Изменить стиль страницы

Вот что Фанфан любил — так это порт! Разгуливая там по набережным так, как когда-то в Нанте, мечтая о том, что попадет матросом на корабль. Но как, если на нем мундир королевской пехоты? Как сможет он наняться на корабль, чтоб не попасть в лапы военной полиции по обвинению в дезертирстве?

Теперь Фанфан мог покупать книги, которые читал по ночам в своей мансарде при свете свечки, воткнутой в горлышко бутылки. Как раз читал "Общественный договор" Жан-Жака Руссо. Но эти благородные занятия не успокаивали его желаний и не приносили спокойствие душе. Он часто думал о Фаншетте — то проклиная её подлое коварство, то от души смеясь над ним. И долго носился с мыслью написать ей "по-мужски", отнюдь не стихами, но не знал, в каком конце Франции обретается теперь эта прелестная предательница.

Так что вполне вероятно, что Фанфан наделал бы дел, если б судьба не рассудила иначе.

***

Произошло это однажды августовским утром. Стояла страшная жара. Фанфан в своей каморке как раз облился водой, которую в ведре принес из фонтана, и собирался на весь день уйти на Жиронду, поскольку получил два дня отпуска. И тут в дверь постучали.

— Да? — он прекратил свои процедуры. — В чем дело?

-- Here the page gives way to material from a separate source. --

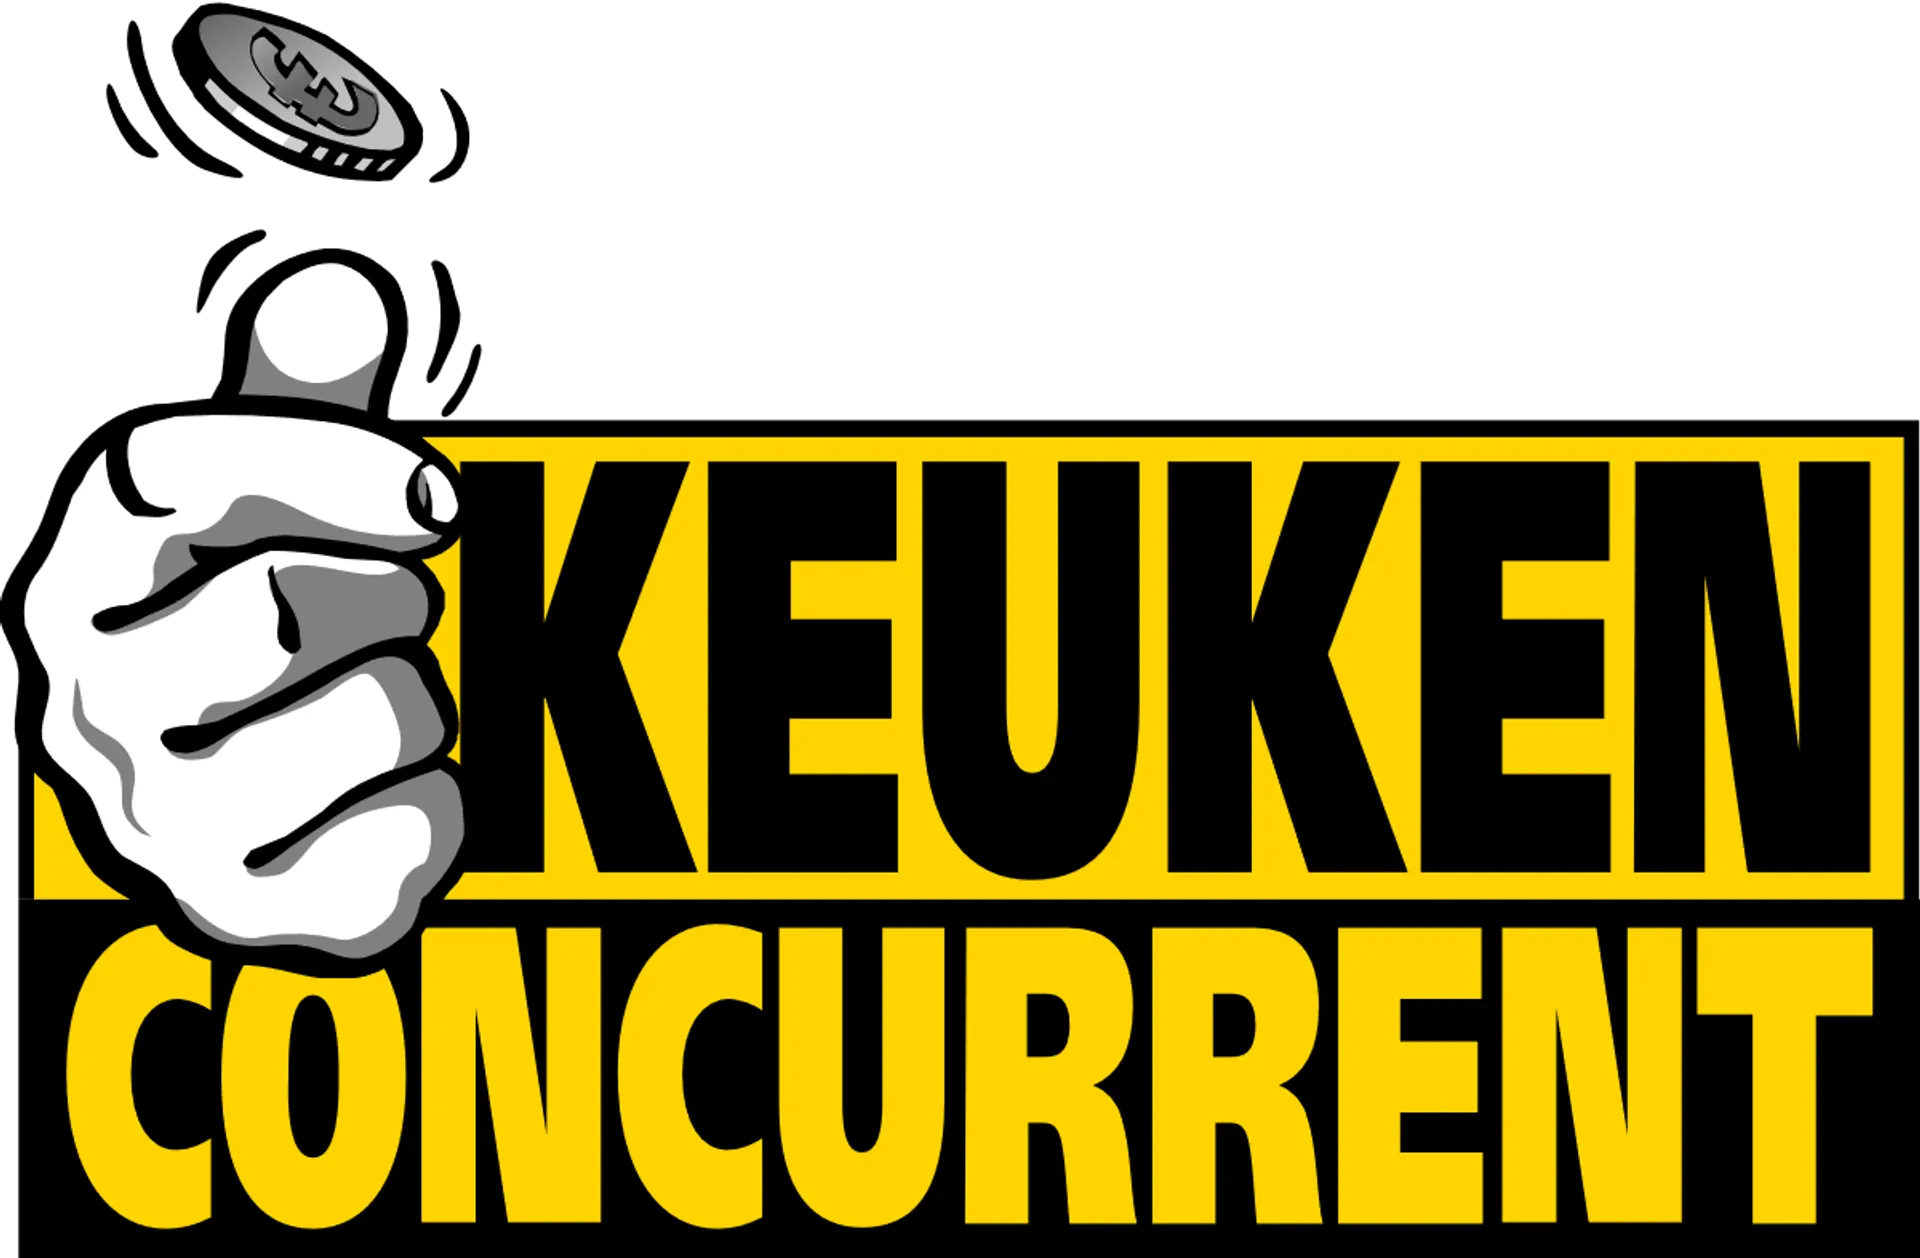 KEUKENCONCURRENT logo

"— Опять начнутся неприятности", — подумал он, решив, что некому стучать к нему, кроме гонца из штаба, который сообщит, что отпуск отменяется по той или иной причине — ну, например, из-за неожиданного визита кого-нибудь с инспекцией!

И, не дождавшись ответа, распахнул дверь, ничуть не думая о том, что не одет — какое, к черту, дело до этого посыльному! Открыл — и оказался лицом к лицу не с гонцом, а с молодой женщиной! Прелестной, элегантной, тут же покрасневшей, смешавшейся и отступившей, словно увидев хищного зверя а, как мы знаем, по некоторой части Фанфан таким и был! Но все же наша красавица сумела выдавить, что мадам Баттендье хотела бы поговорить с ним и ждет его в гостиной.

Прелестная посетительница уже исчезла в конце коридора, когда Фанфан сообразил, что должен был прикрыть свой срам хотя бы руками — но было слишком поздно.

"— Что нужно от меня мадам Баттендье?" — вопрошал он себя, поспешно одеваясь. Небось, такая толстая мещанка, вся в шелках и драгоценностях, каких Фанфан встречал в роскошных экипажах на улицах Бордо! Ну ясно, жена судовладельца, надо понимать!

И, торопливо сбежав по черной лестнице, через пару минут Фанфан уже стоял перед солидным парадным входом. Постучав молотком и застегнув воротничок мундира, раздумывал о том, откроет ли ему та самая прелестная служанка, что только что видела его в костюме Адама.

Но нет, открыл худой парень с красноватой кожей, наряженный в такой фрак, каких Фанфан в жизни не видел, разве что в Версале.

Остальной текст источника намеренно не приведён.